56 Citations (Scopus)

Abstract

Verticillium dahliae is a soilborne fungus that causes vascular wilt disease in a broad range of hosts and survives for many years in the soil in the form of microsclerotia. Although the role of cAMP-dependent protein kinase A (PKA) has been extensively studied in foliar pathogens, there is limited information about its role in soilborne fungal pathogens that infect through the root system. Genome database search revealed the presence of two PKA catalytic subunit genes in V. dahliae, named VdPKAC1 and VdPKAC2. A phylogenetic analysis showed that VdPKAC2 groups with fungal PKA catalytic subunits that appear to play a minor role in PKA activity.

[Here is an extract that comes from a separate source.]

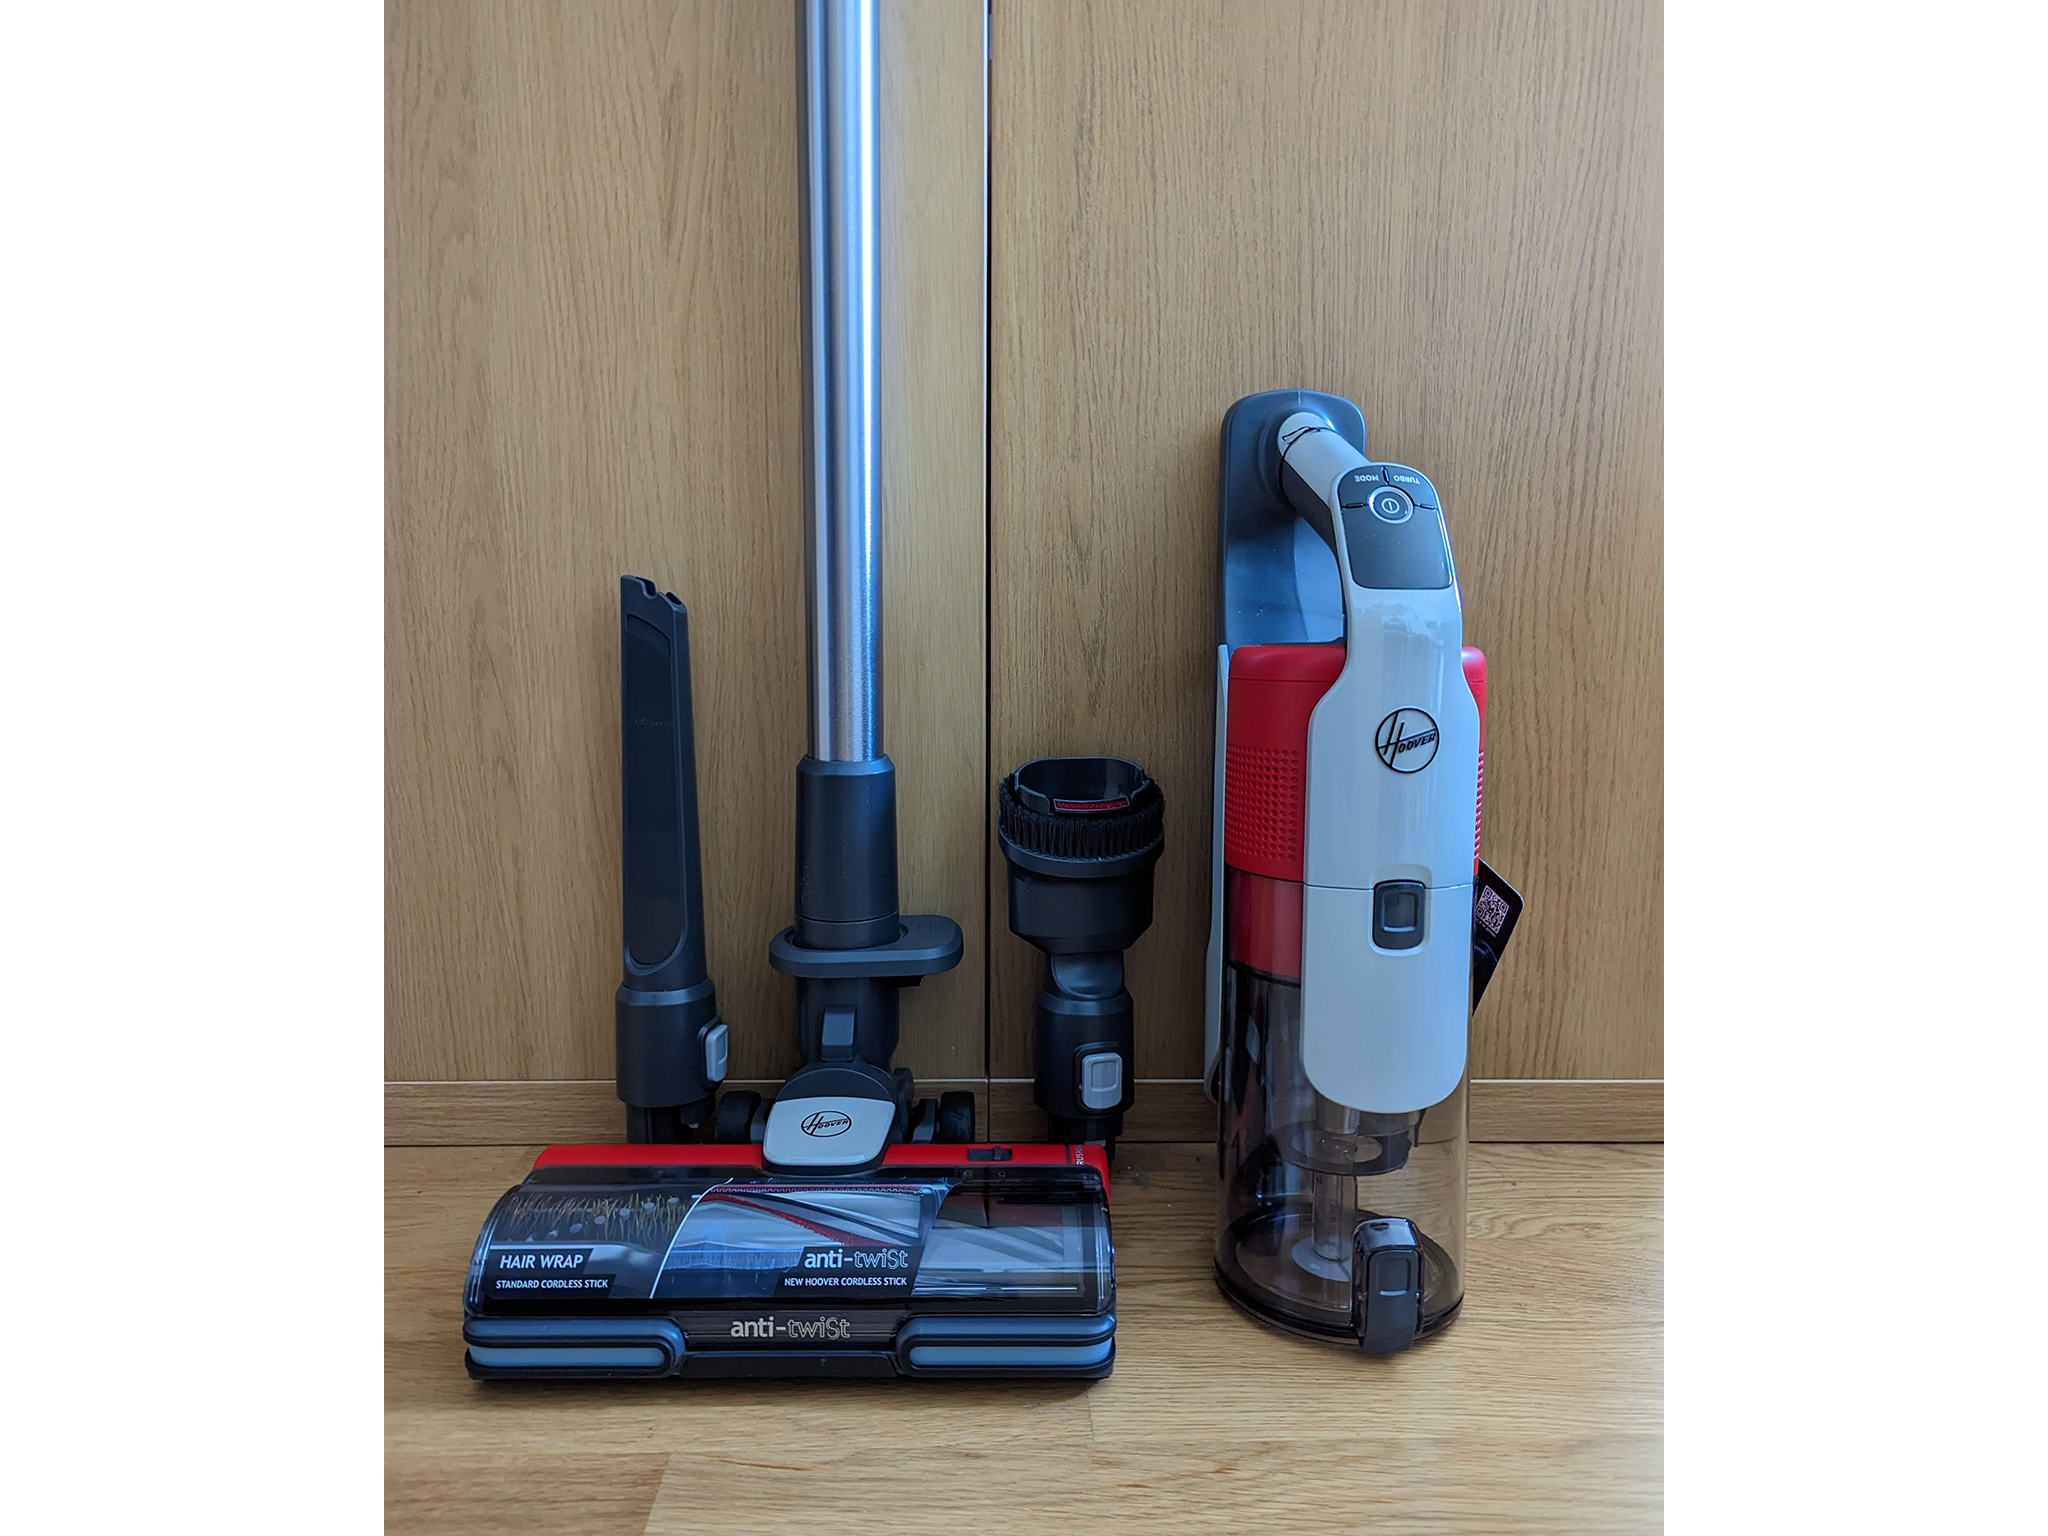 Hoover HF9 vacuum cleaner review: A cordless machine that gets the job done

This gene was expressed considerably lower than that of VdPKAC1. Although disruption of VdPKAC1 did not affect the ability of V. dahliae to infect through the roots of tomato and eggplant, disease severity was significantly reduced. Since pathogen-derived ethylene is presumed to play a major role in symptom induction in vascular wilt diseases, ethylene generation was measured in fungal culture. The mutants defective in VdPKAC1 produced less ethylene than the corresponding wild type strains, suggesting a regulatory role of PKA in ethylene biosynthesis. Growth rates of these mutants were similar to those of wild type strains, while the rate of spore germination was slightly elevated and conidia production was significantly reduced. When grown on minimal media, the mutants showed greater microsclerotia production compared with the wild type strains. These results suggest multiple roles of VdPKAC1, including virulence, conidiation, microsclerotia formation, and ethylene biosynthesis, in the soilborne fungus V. dahliae.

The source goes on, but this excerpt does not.